Bankrupted<-subset(RecomposedFinancials,PolishCompanies[[65]] == "1")
str (Bankrupted)
## 'data.frame': 410 obs. of 9 variables:
## $ Total_Assets : num 4757 1447 1435 5364 11209 ...
## $ Total_Liabilities : num 4856 1634 1079 6316 8216 ...
## $ Working_Capital : num 624 475 227 1438 296 ...
## $ Book_Value_of_Equity: num -98.8 -187.7 356.3 -952.4 2992.1 ...
## $ AssetLiabilityCheck : num 1.38e-05 2.27e-05 2.87e-05 -1.31e-05 -6.29e-06 ...
## $ Net_Profit : num 383.5 -193 55.1 -284.6 -2786 ...
## $ Sales : num 11192 1305 1704 8713 11433 ...
## $ SalesAssetsCheck : num 5.92e-05 -3.37e-06 -4.64e-05 3.80e-05 -1.48e-05 ...
## $ EBITDA : num -6.3179 -2.5308 0.6376 -1.5098 0.0989 ...
qplot(RecomposedFinancials[[1]],RecomposedFinancials[[9]]) + geom_point(aes(x=RecomposedFinancials[[1]], y=RecomposedFinancials[[9]], colour=factor(PolishCompanies[[65]]))) + xlim(0,100000) +ylim(0,10) + labs(x="Total Assets", y = "EBITDA", color="Bankruptcy Next Year?")
## Warning: Removed 1093 rows containing missing values (geom_point).
## Warning: Removed 1093 rows containing missing values (geom_point).

    The graph for the two factors is separated into 2 graphs to visualize it with less crouded points.
ggplot(RecomposedFinancials, aes(x = PolishCompanies[[65]], y = RecomposedFinancials$EBITDA)) + geom_boxplot() + labs(x = "Bankruptcy?", y="EBITDA")
## Warning: Removed 19 rows containing non-finite values (stat_boxplot).

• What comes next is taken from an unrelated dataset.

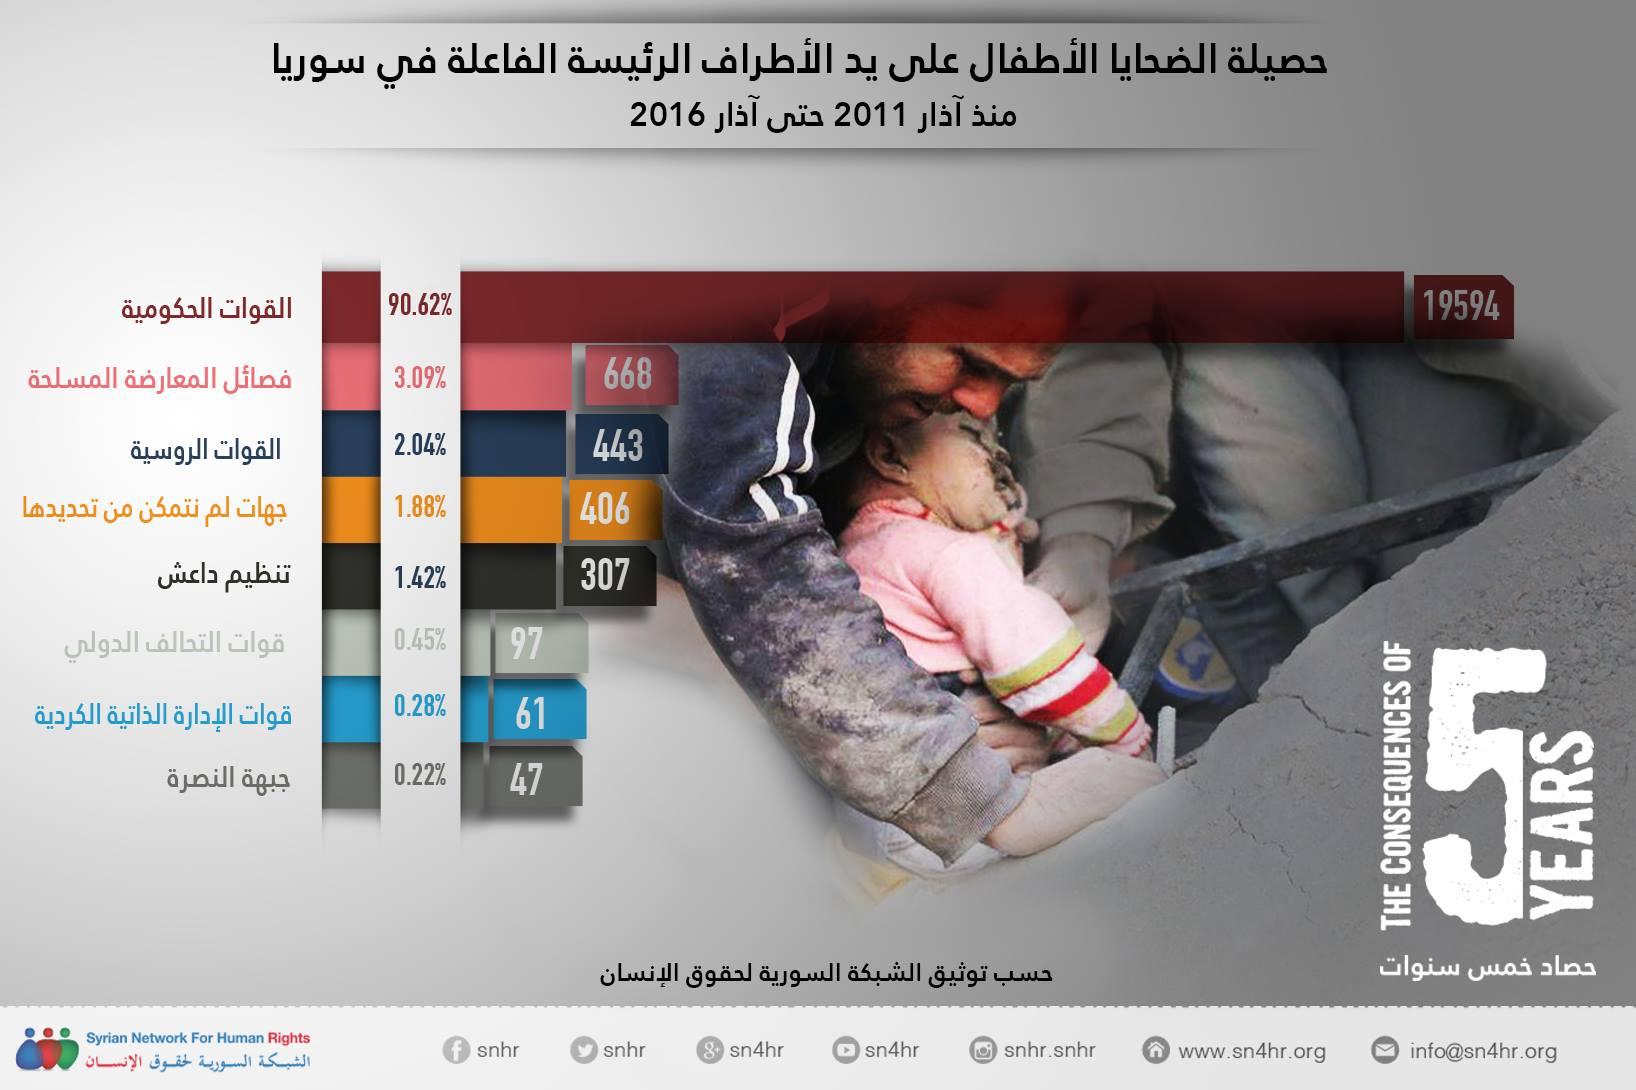 حصيلة الضحايا الأطفال في سوريا
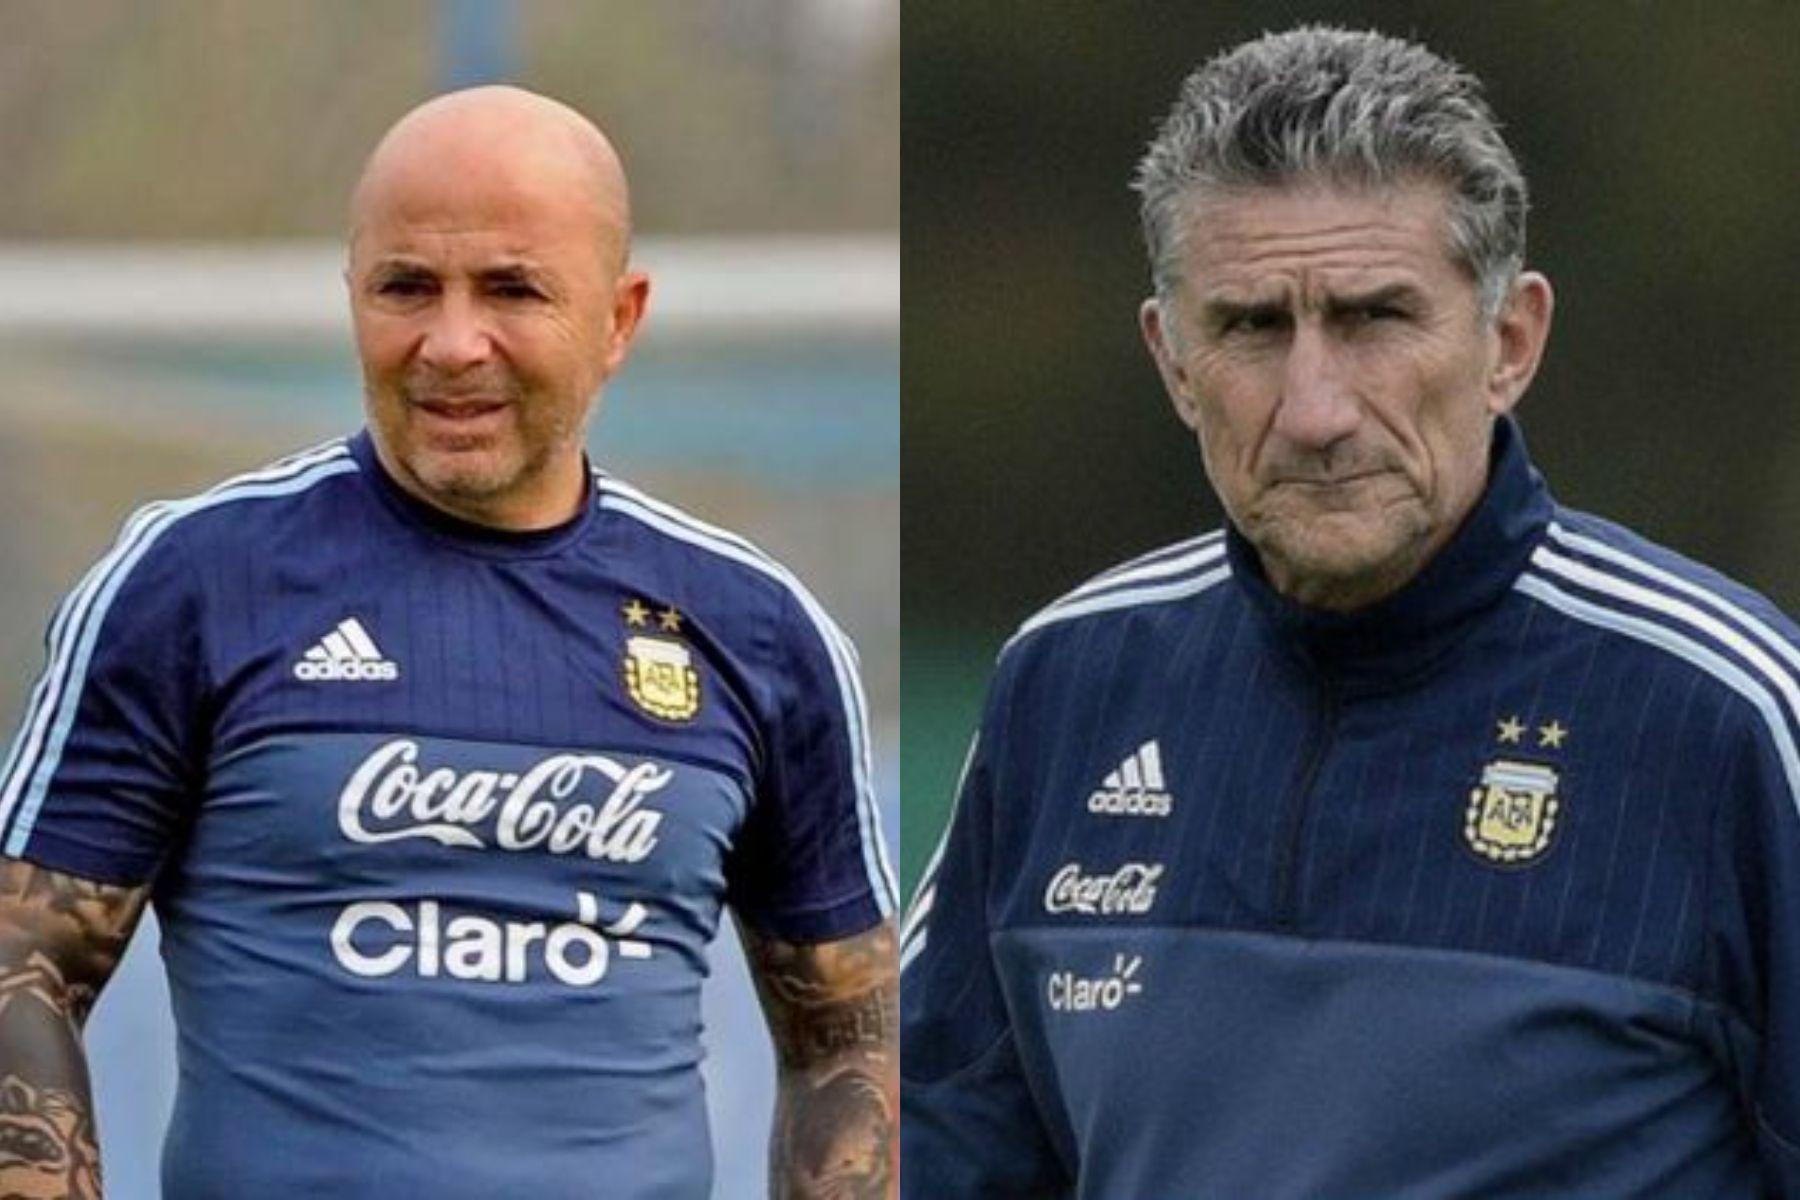 El cruce entre los representantes de Sampaoli y Bauza tras la eliminación de Argentina

    The boxplot of EBITDA for bankrupt and solvent companies shows a possibility for future fruitful research. Most of the distribution of bankrupt companies is closer together than solvent companies, but there are noticable outliers. Perhaps one could find two separate predictors for bankruptcy.
qplot(Unbankrupted[[1]],Unbankrupted[[9]]) + geom_point(aes(x=Unbankrupted[[1]], y=Unbankrupted[[9]], color="red")) + xlim(0,100000) +ylim(0,10) + labs(x = "Total Assets", y="EBITDA")
## Warning: Removed 960 rows containing missing values (geom_point).
## Warning: Removed 960 rows containing missing values (geom_point).

qplot(Bankrupted[[1]],Bankrupted[[9]]) + geom_point(aes(x=Bankrupted[[1]], y=Bankrupted[[9]])) + geom_point(colour = "#00BFC4") + xlim(0,100000) +ylim(0,10) + labs(x = "Total Assets", y="EBITDA")
## Warning: Removed 133 rows containing missing values (geom_point).
## Warning: Removed 133 rows containing missing values (geom_point).
## Warning: Removed 133 rows containing missing values (geom_point).